Comment 93 for bug 1505564

Revision history for this message
Rafael David Tinoco (rafaeldtinoco) wrote : Re: [Bug 1505564] Re: Soft lockup with "block nbdX: Attempted send on closed socket" spam

Hello Junien,
(recommendations with *)
I'm replying to you and to the LP bug so it gets proper documentation.
Under comment #91:
https://bugs.launchpad.net/ubuntu/+source/linux/+bug/1505564/comments/91
You can see my kernel dump analysis, where I am showing you that the
OS is stuck in a "migration thread", possibly because of a lack of
IPIs synchronisation (maybe even an IPI being lost).
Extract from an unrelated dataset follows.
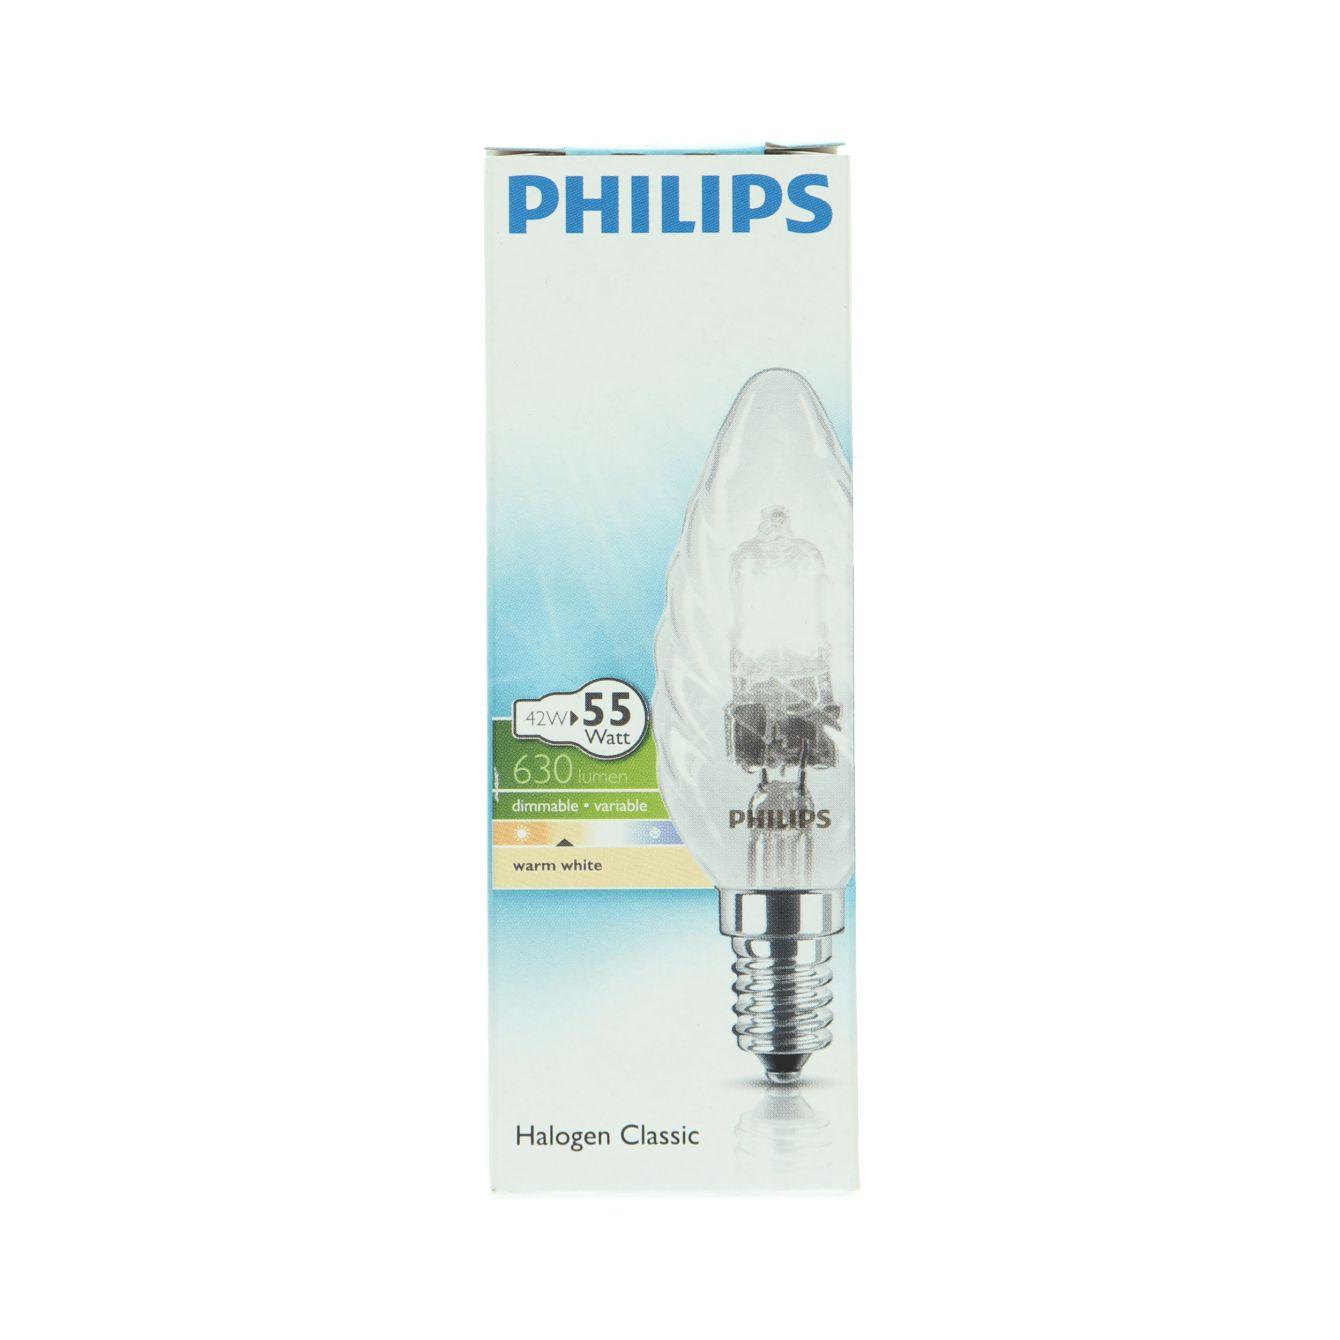 Philips Halogen 42w E14 230v Bw35

We have already
seen cases like this - specially in nested virtualisation environments
- and this has been discussed in LKML.
Before we move further I need you to follow some kind of "best
practices" for Proliant Servers:
1 - NMIs caused during MWAIT instruction (caused by intel_idle module):
& HP Proliant Servers - Kernel Panic - NMI - DL360 & DL380 - HPWDT module loaded
(https://bugs.launchpad.net/ubuntu/+source/linux/+bug/1417580)
(https://bugs.launchpad.net/ubuntu/+source/linux/+bug/1432837)
* Firmware: Configure a maximum of a C3 c-state for CPU savings (CPU C-STATES)
* Firmware: Disable packed CPU c-state
* Firmware: Disable Cooperative Power Management
* Make sure NOT TO LOAD HPWDT kernel module (LP: #1432837 Fix Released
3.13.0-49.81)
2 - Recently discovered NMIs caused by a BUG in Intel microcode
(https://bugs.launchpad.net/ubuntu/+source/linux/+bug/1416414)
** If you have Intel based Proliant Servers, because of Intel
microcode issue, use at least* 3.13.0-35.61.
3 - X2APIC support for HP Proliant Servers
(https://bugs.launchpad.net/ubuntu/+source/linux/+bug/1398497)
* For Proliant prior to G8 (<= G7) use "nox2apic intremap=off" into grub cmdline
* For Proliant G8 use "intremap=no_x2apic_optout" into grub cmdline
4 - HP Proliant Latest Firmware
MOST IMPORTANT
Upgrade server firmware to latest version
There were numerous firmware fixes from HP.
---> If we are facing a firmware problem - related to IPIs, the
inter-processor-interrupts, being missed - we have to make sure this
is reproducible in the latest firmware in order to work together with
HP ROM engineering team.
Summary:
Could you follow all these steps and provide feedback ? I understand
this might take awhile if you have a big number of servers and - if so
- I would take a statistical approach here, by changing only half of
the servers and sticking with the first half as the "control group",
for future comparisons.
Is this feasible ? Looking forward to hearing your feedback.
Best Regards
Rafael Tinoco
Sustaining Engineering